-
Notifications
You must be signed in to change notification settings - Fork 37
Building madgraph4gpu and measuring throughput
This page describes how to build the madraph4gpu code and measure its throughput in terms of matrix elements (MEs) per second. It is meant to address issue #249.
For the moment, this is a single page focusing on the latest implementation for CUDA and vectorized C++, for the ggttgg physics process (epochX/cudacpp/ggttgg). Other physics processes are also available and can be built and tested in an analogous way (epochX/cudacpp/eemumu and epochX/cudacpp/eemumu).
This page replaces a previous version of this wiki describing the older epoch1 code for eemumu (epoch1/cuda/eemumu), which is now obsolete but is still available here.
Eventually, other implementations alternative to CUDA/C++, based on Kokkos, Alpaka and Sycl may also be described.
For the impatient: jump to the example which puts it all together.
For the very impatient: jump to the section explaining how to use the throughput12.sh script to get detailed performance comparisons.
In a chosen directory (here /data/valassi) and using your preferred authentication mechanism (here https) download the latest master
cd /data/valassi
git clone https://github.com/madgraph5/madgraph4gpu.git
cd madgraph4gpu
git checkout master
If you want to be sure that you are using the latest stable version of the epochX/cudacpp code, use the following commit:
git reset --hard 26d40755be840a55ef2e357392492546375ee34a
For convenience, the download directory will be referred to as MADGRAPH4GPU_HOME in the following (but this environment variable is not used anywhere inside the code or Makefiles).
export MADGRAPH4GPU_HOME=/data/valassi/madgraph4gpu
In production releases of the MadGraph5_aMC@NLO software, the physics code (Fortran, C++, CUDA...) to calculate a given physics process is automatically generated by a Python code generator.

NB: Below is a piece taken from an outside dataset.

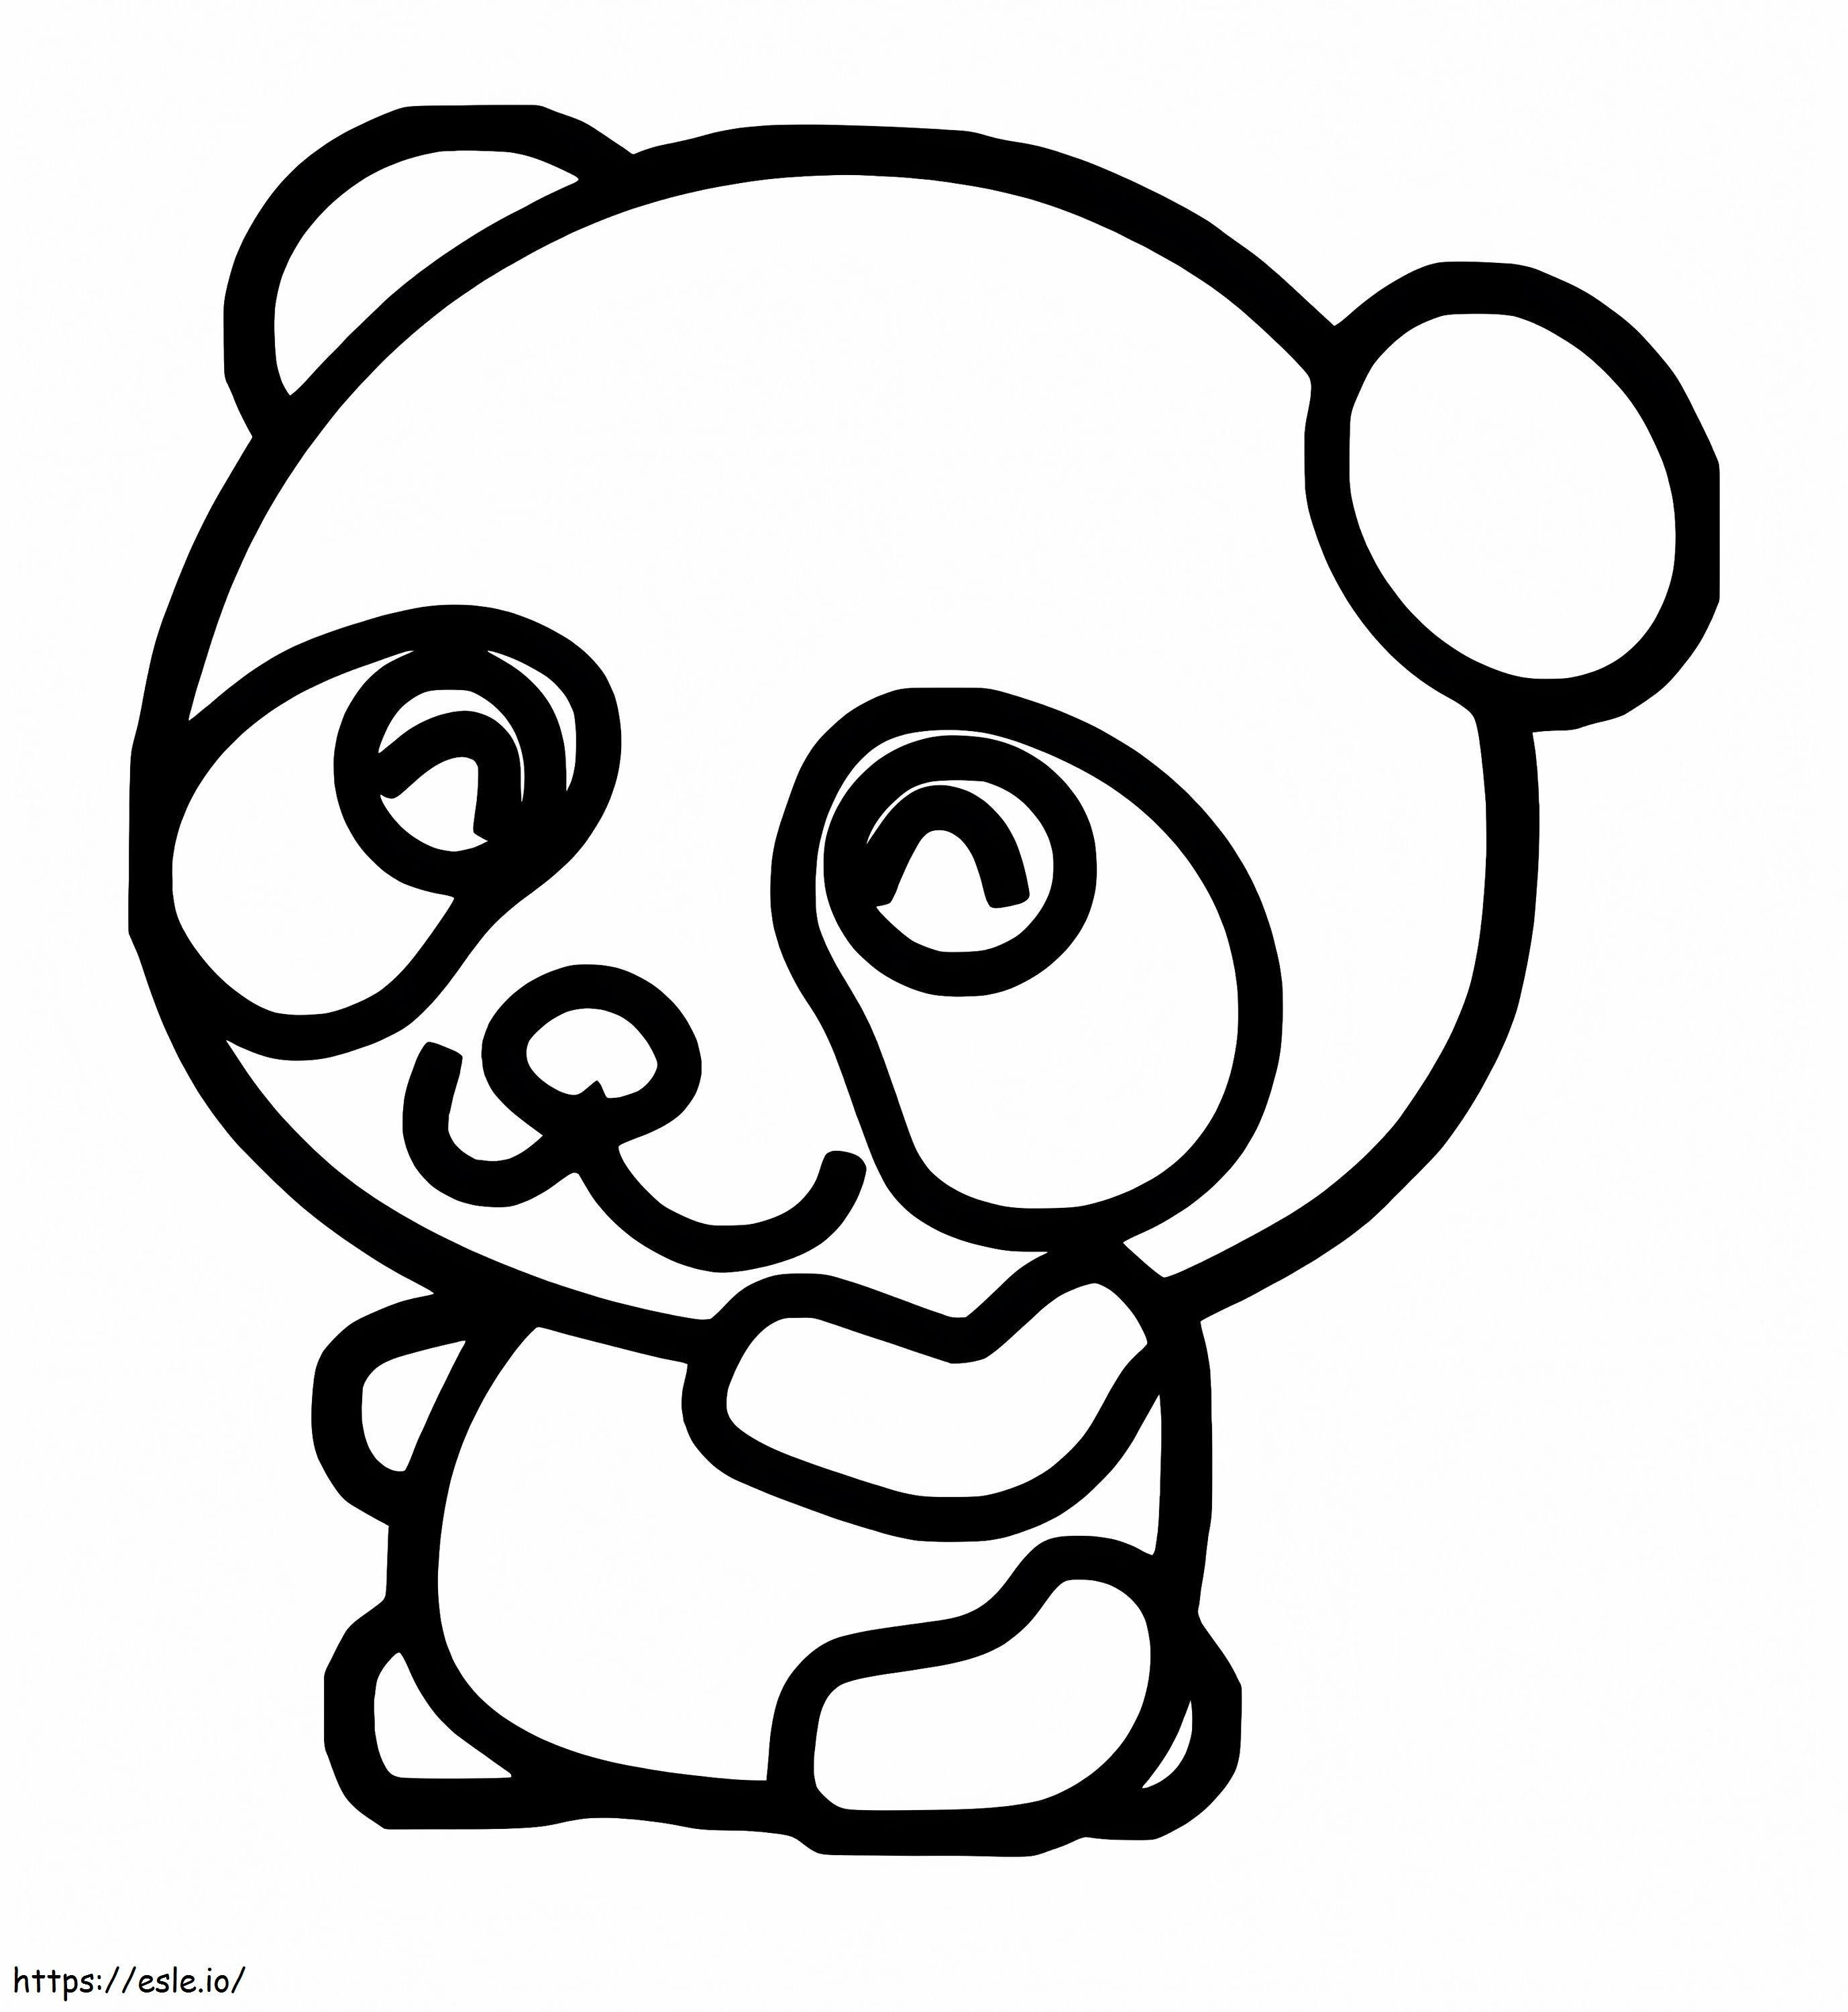 Desenhando o Pequeno Panda para colorir

Our developments in the madgraph4gpu project are based on an iterative process, where fixes and new features are added by modifying an existing auto-generated CUDA/C++ code base, and must then be back-ported to the Python code generator.

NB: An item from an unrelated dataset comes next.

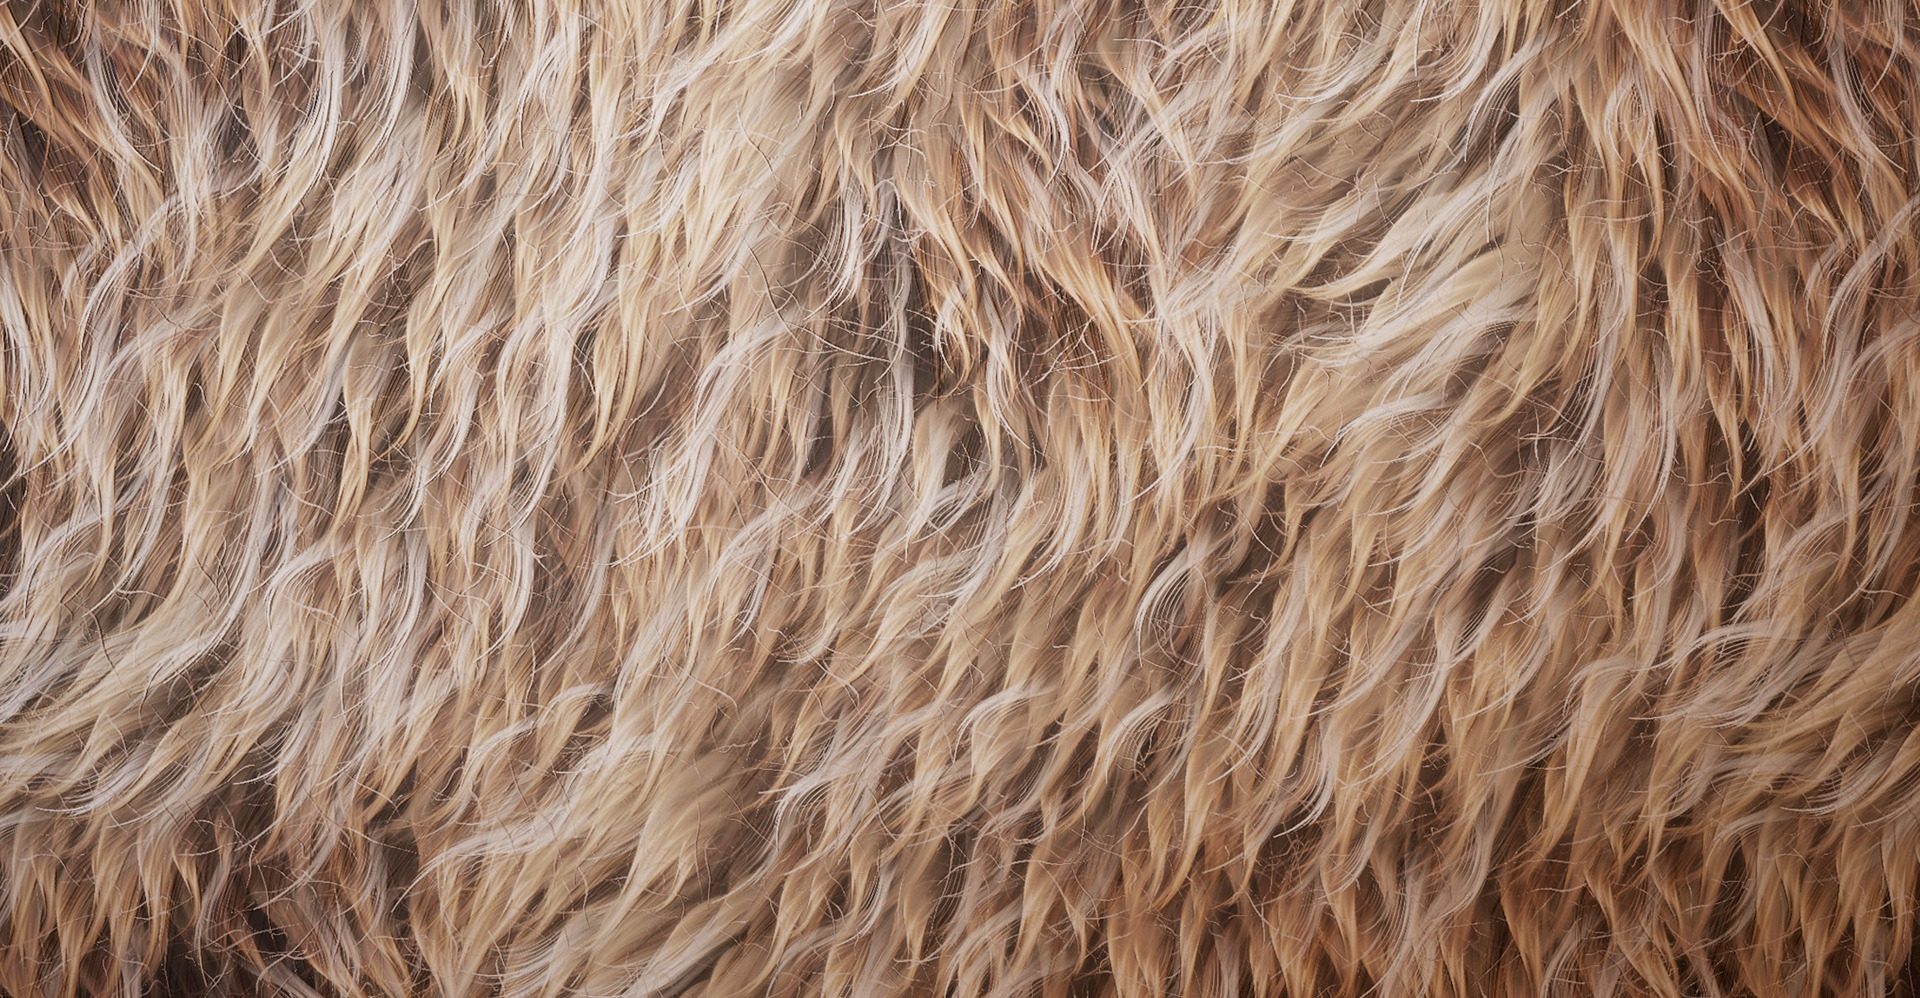 Fur material substance

Previous versions of our code (namely in epoch1 and epoch2) were based on a one-off code generation, followed by many additions to the existing CUDA/C++. A new epoch was started when the features and fixes were back-ported to the Python code generator, maintained in a repository external to the project.
The new epochX developments follow a different approach, where the Python code generator is also included in the madgraph4gpu repository, and any new fixes and features in CUDA/C++ may be back-ported immediately to the code generator. For the two main physics processes we currently use for development (eemumu and ggttgg), both the manually developed and the auto-generated code are included in the repository. The iterative development process is the following: start from an auto-generated code and from an identical copy in the manually developed directory; add fixes and features to the latter; backport them to the code generator, regenerate the auto-generated directory; modify the code generator until the auto and manual directories are identical again; iterate by adding new fixes and features to the manual directory. More details are available in issue #244, which described how the current epochX structure was achieved from the previous epoch1 and epoch2.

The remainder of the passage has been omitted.